We detected a total of 66 bacterial genera and 191 bacterial species within our cohort. Overall, the microbiome profiles identified reflect a normal, commensal nasopharyngeal microbiome, spanning Streptococcus, Veillonella, Prevotella, Rothia, Actinomyces, Haemophilus, and Neisseria species (Fig. 4). Additionally, 4 other DNA viruses relevant to human health were detected in the samples, including human herpesvirus 4 and human adenovirus D. Microbial profiles of clinical samples did not cluster based on COVID-19 status.
FIG 4 Nasopharyngeal microbiome profiles. Main heatmap depicts the relative abundances of the top 50 most abundant bacterial species found in our cohort. Top bar plot annotations indicate the mean relative abundance per taxon based on COVID-19 status (CVP [n = 26] or CVN [n = 22]). Heatmaps display the presence (purple) or absence (light blue) of AMR genes and DNA viruses (green) detected in our samples. A total of 13 different AMR genes were detected across all samples (CVP = 19, CVN = 12, 55 AMR genes total), conferring resistance to several drug classes, including tetracycline [tet32, tetA(46), tetM, tetO, tetQ, and tetW], macrolides (mel, mefA, and lmrP), aminoglycosides [APH(3′)-la and IsaC], sulfonamides (sul2), and phenicols (cmx). Top bar plot annotation shows the sample ratios.
We next examined sample richness and clustering based on microbiome profiles. Alpha diversity metrics showed no significant difference in richness (observed species and Shannon index) or evenness (Pielou’s) between CVP and CVN samples; however, CVN samples exhibited a trend of lower richness (Fig. S1A). Based on the Bray-Curtis principal-coordinate analysis (PCoA) (Fig. S1B), 4 clusters and 5 outliers were observed, of which cluster A and cluster C were largely dominated by Streptococcus, Prevotella, Veillonella, and Rothia species, while cluster B and cluster D were dominated by Prevotella, Veillonella, Streptococcus, and Megasphaera. Cluster C, with Streptococcus/Veillonella dominant, and cluster D, with Prevotella/Veillonella dominant, contained 69.2% of the CVP samples within our cohort.
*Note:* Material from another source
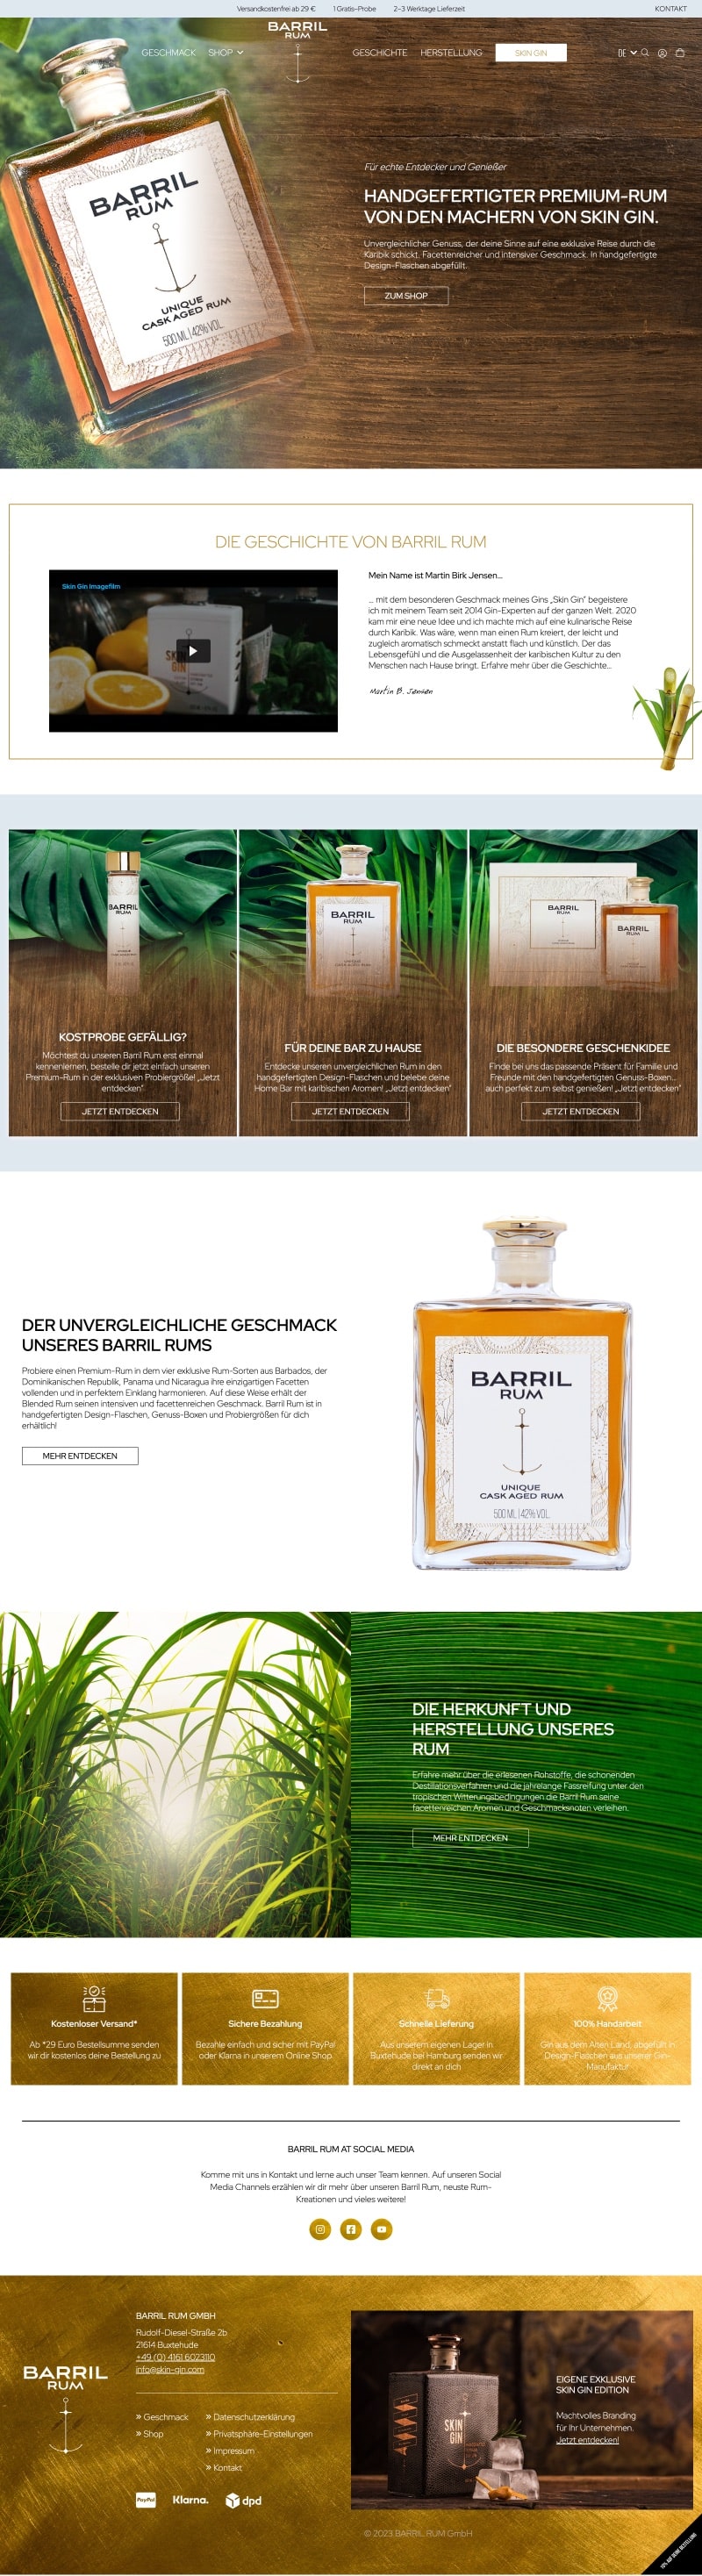 Barril-Rum Website

The Bray-Curtis dissimilarity index indicated that Rothia mucilaginosa was the main driver of clustering, which was significantly differentiated by the relative abundance levels found by linear discriminant analysis effect size (LEfSe) and Mann-Whitney U test. Moreover, another driver of clustering is explained by the presence/absence of Streptococcus parasanguinis (n = 18, 12 CVN samples and 6 CVP samples) and unclassified Neisseria (n = 26, 8 CVN samples and 18 CVP samples), respectively, also indicated by LEfSe and Mann-Whitney U test (data not shown).
Although COVID status did not show clear differences in the NP microbiome communities between CVP and CVN samples, LEfSe revealed that 6 bacterial species and 1 genus (Actinomyces) were significantly increased in CVP samples (Fig. 5A), of which 2 species-level taxa, Actinomyces graevenitzii and Prevotella salivae, were further confirmed when comparing their relative abundances using a Mann-Whitney U test (Fig. 5B), while Megasphaera micronuciformis, Veillonella dispar, and Streptococcus gordonii only exhibited trends of higher relative abundances in CVP samples. Additionally, we found no correlations of bacterial relative abundance versus SARS-CoV-2 CT values (data not shown).
FIG 5 Nasopharyngeal microbiomes revealed the presence of biomarkers associated with CVP samples. (A) LEfSe analysis showed six bacterial species to be increased in CVP samples. (B) Mann-Whitney U test confirmed significant differences in the relative abundances of Actinomyces graevenitzii (P = 0.0130) and Prevotella salivae (P = 0.0394) in CVP samples (n = 26) versus CVN samples (n = 22).
Furthermore, we compared the classification obtained from MetaPhlAn2 with our k-mer-based approach pipeline (Biotia-DX) and found high concordance in the genus-level taxonomy. The top 80% of the most dominant bacterial genera (11/66 total) showed a large overlap (8/11) between the two metagenomic classification tools. Two of the 3 discordant genera were identified in the bottom 20% by each classifier, and only 1 taxon (“Candidatus Saccharibacteria”) was not detected by MetaPhlAn2 (Fig. S2A).
Since Prevotella spp. were found to be a biomarker for CVP status based on the data obtained by two independent bioinformatic pipelines but were discrepant at the species-level classification, we sought to use 16S rRNA gene sequencing to resolve the phylogeny of the correct Prevotella species. Sequencing and neighbor-joining phylogenetic analysis of Prevotella 16S rRNA gene amplicons confirmed that the biomarker increased in CVP samples is most closely related to Prevotella salivae (Fig. S2B).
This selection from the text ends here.